Hard real-time: Missing a deadline causes system failure (e.g., airbag deployment, nuclear reactor control, pacemaker)
Soft real-time: Missing a deadline degrades performance but is not catastrophic (e.g., video streaming, online gaming)
Advantage: Guaranteed response times; high reliability
Disadvantage: Complex to develop; limited functionality (focused on specific tasks)

It is important to distinguish between two types of real-time system:

Feature	Real-Time Transaction Processing	Real-Time Control
Purpose	Process individual transactions immediately	Continuously monitor and control physical processes
Example	ATM withdrawals, airline booking, point-of-sale	Airbag deployment, nuclear reactor, temperature control
Input	User-initiated transactions	Sensor data (continuous)
Response	Must complete within a set time or roll back	Must respond instantly to changing conditions
Failure consequence	Transaction fails or is reversed	Physical danger or system failure

Multi-User Operating System

A multi-user OS allows multiple users to access the same computer system simultaneously, each with their own terminal or session. The OS manages resource allocation to give each user a fair share.

Example: University server accessed by hundreds of students, mainframe banking systems
Advantage: Efficient sharing of expensive resources; centralised administration
Disadvantage: Requires powerful hardware; complex security management

Multi-Tasking Operating System

A multi-tasking OS allows a single user to run multiple applications at the same time. The OS switches between tasks rapidly (context switching) to give the appearance of simultaneous execution.

Example: Running a web browser, word processor, and music player at the same time on a desktop PC
Advantage: Improved productivity; better use of CPU time
Disadvantage: Uses more memory; context switching adds overhead

Distributed Operating System

A distributed OS manages a collection of independent computers connected by a network, making them appear as a single system to the user. Tasks can be distributed across multiple machines.

Example: Cloud computing platforms, distributed databases, render farms
Advantage: Scalability; fault tolerance (if one machine fails, others continue); resource sharing
Disadvantage: Complex to design and manage; network dependency; security challenges

Embedded Operating System

An embedded OS is built into a dedicated device and performs a specific set of functions. It typically runs on limited hardware with constrained memory and processing power.

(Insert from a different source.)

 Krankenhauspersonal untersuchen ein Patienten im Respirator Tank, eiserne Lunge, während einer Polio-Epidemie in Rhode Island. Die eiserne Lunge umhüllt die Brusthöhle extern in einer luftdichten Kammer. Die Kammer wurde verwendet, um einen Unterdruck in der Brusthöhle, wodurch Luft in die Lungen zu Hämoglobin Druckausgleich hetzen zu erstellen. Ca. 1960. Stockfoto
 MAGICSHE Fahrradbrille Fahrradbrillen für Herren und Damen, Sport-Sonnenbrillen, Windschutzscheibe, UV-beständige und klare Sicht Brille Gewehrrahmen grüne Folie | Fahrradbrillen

Example: Smart TV, washing machine, car engine management, digital camera
Advantage: Optimised for specific hardware; small and efficient; fast boot time
Disadvantage: Limited functionality; difficult to update

Comparison of OS Types

OS Type	Users	Interaction	Key Feature	Example Use
Batch	Multiple (indirect)	None during processing	Jobs grouped and processed together	Payroll, billing
Real-Time	Single/Multiple	Immediate	Guaranteed response time	Airbags, medical devices
Multi-User	Multiple (simultaneous)	Interactive	Shared resources, concurrent access	University servers
Multi-Tasking	Single	Interactive	Multiple applications simultaneously	Desktop PCs
Distributed	Multiple	Varies	Multiple computers act as one	Cloud computing
Embedded	Single (indirect)	Limited/None	Dedicated device, specific task	Washing machine

You may be asked to identify the most suitable type of OS for a given scenario. Focus on the key characteristics: does the system need guaranteed response times (real-time), multiple users (multi-user), no user interaction (batch), or is it a dedicated device (embedded)?

User Interfaces

The user interface is the means by which a user interacts with the computer. The OS provides one or more types of interface.

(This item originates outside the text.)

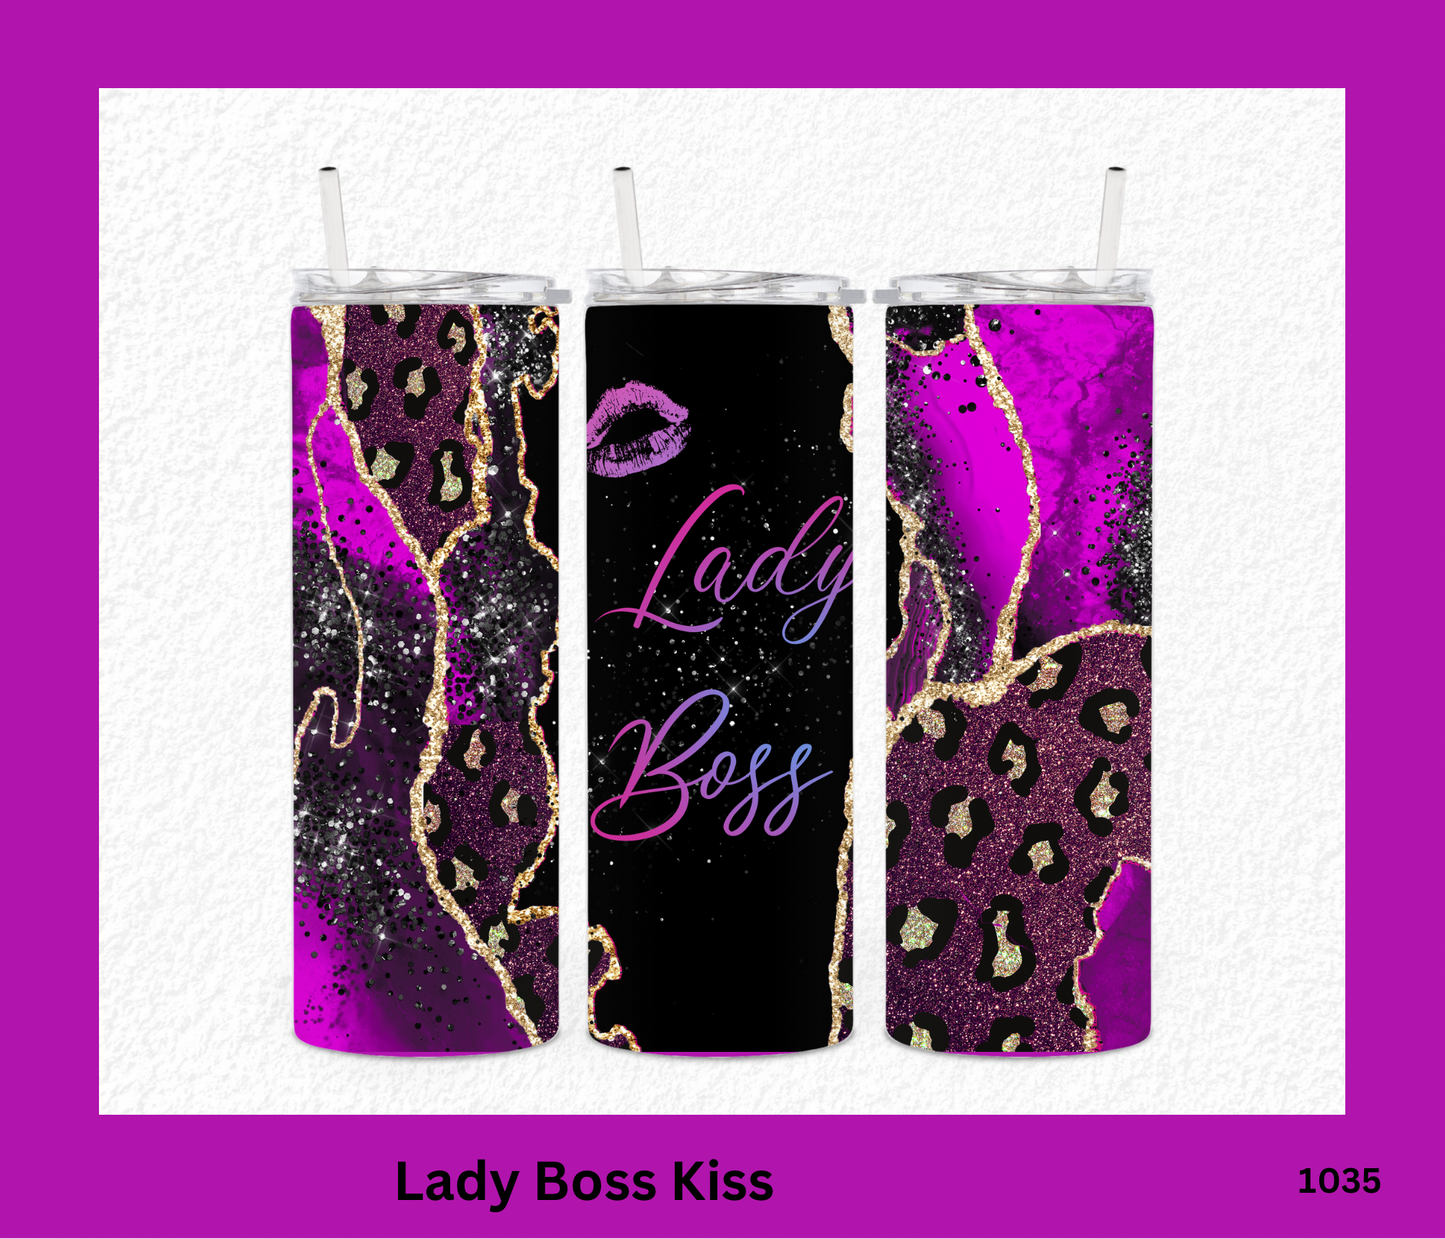 Lady Boss Kiss

Command Line Interface (CLI)

A CLI allows users to interact with the OS by typing text commands at a prompt. The user must know the correct commands and syntax.

Examples: Windows Command Prompt, PowerShell, Linux Bash terminal

# Example CLI commands (Linux/Mac):
# ls              — list files in current directory
# cd Documents    — change to Documents directory
# mkdir NewFolder — create a new directory
# cp file1.txt file2.txt — copy a file
# rm file1.txt   — delete a file

Graphical User Interface (GUI)

A GUI uses visual elements — windows, icons, menus, and pointers (WIMP) — to allow users to interact with the computer using a mouse, touchpad, or touchscreen.

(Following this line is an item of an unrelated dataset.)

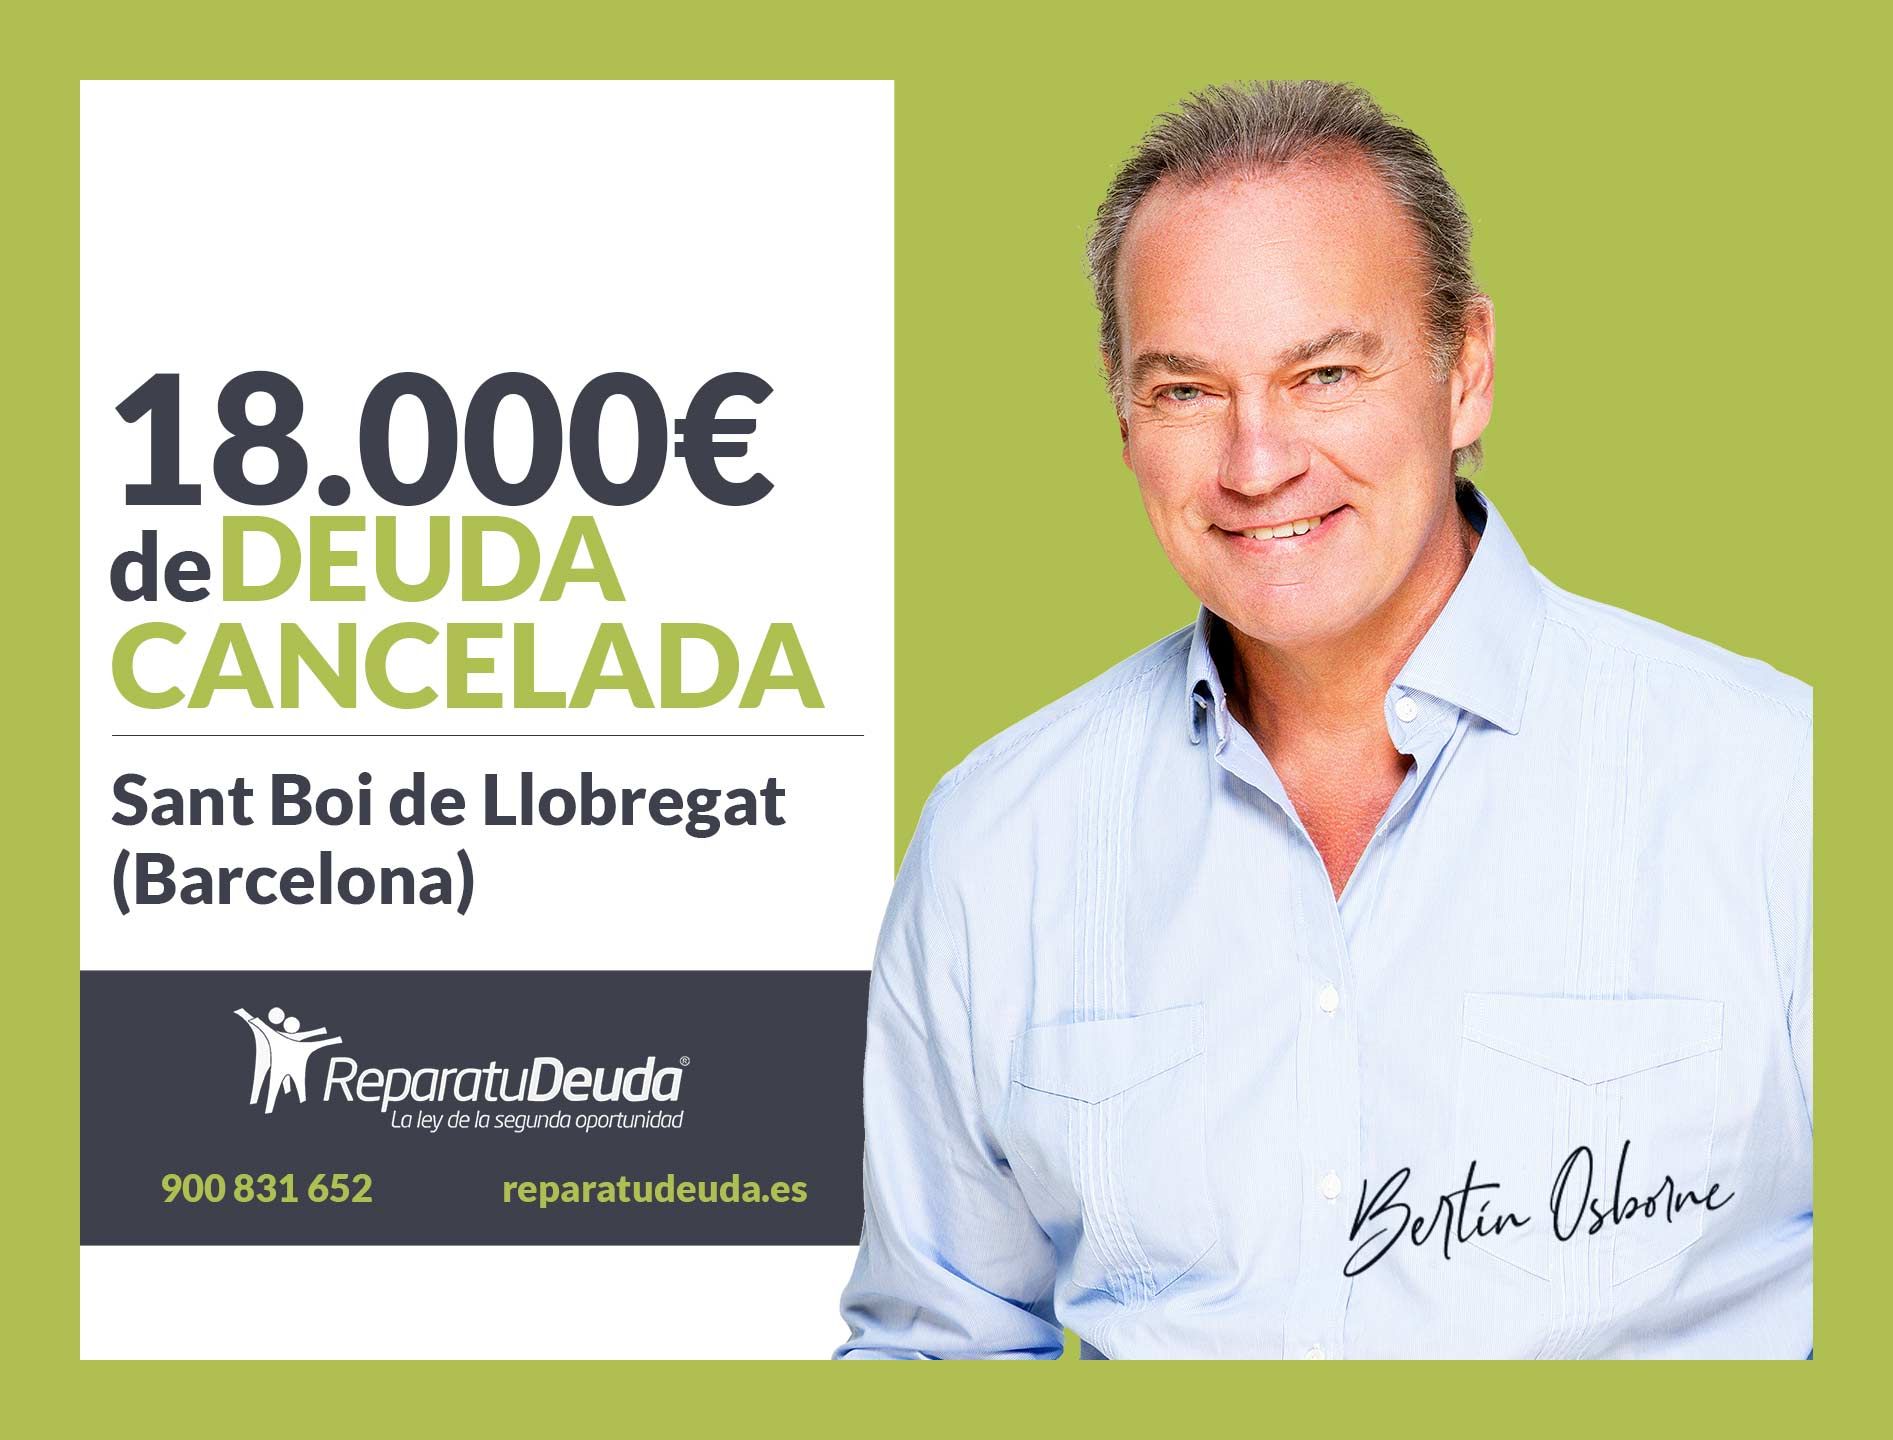 Repara tu Deuda cancela 18.000? en Sant Boi de Llobregat (Barcelona) con la Ley de Segunda Oportunidad

Examples: Windows desktop, macOS Finder, Android home screen

CLI vs GUI Comparison

Feature	CLI	GUI
Ease of use	Difficult for beginners — must learn commands	Intuitive — visual, point-and-click
Speed	Faster for experienced users	Slower for repetitive tasks
Resource usage	Low — text-based, minimal RAM and processing	High — graphical rendering requires more resources
Precision	High — exact commands with parameters	Lower — limited to available menu options
Automation	Easy — commands can be scripted (batch files, shell scripts)	Difficult to automate
Error-prone	Typing mistakes cause errors	Less error-prone (guided choices)
Accessibility	Poor for non-technical users	Good — designed for general users
Remote access	Excellent — low bandwidth required	Requires more bandwidth for remote desktop
Best for	System administrators, developers, servers	General users, creative applications

Natural Language Interface (NLI)

A natural language interface allows users to interact using everyday spoken or written language. The system interprets the user’s intent and responds accordingly.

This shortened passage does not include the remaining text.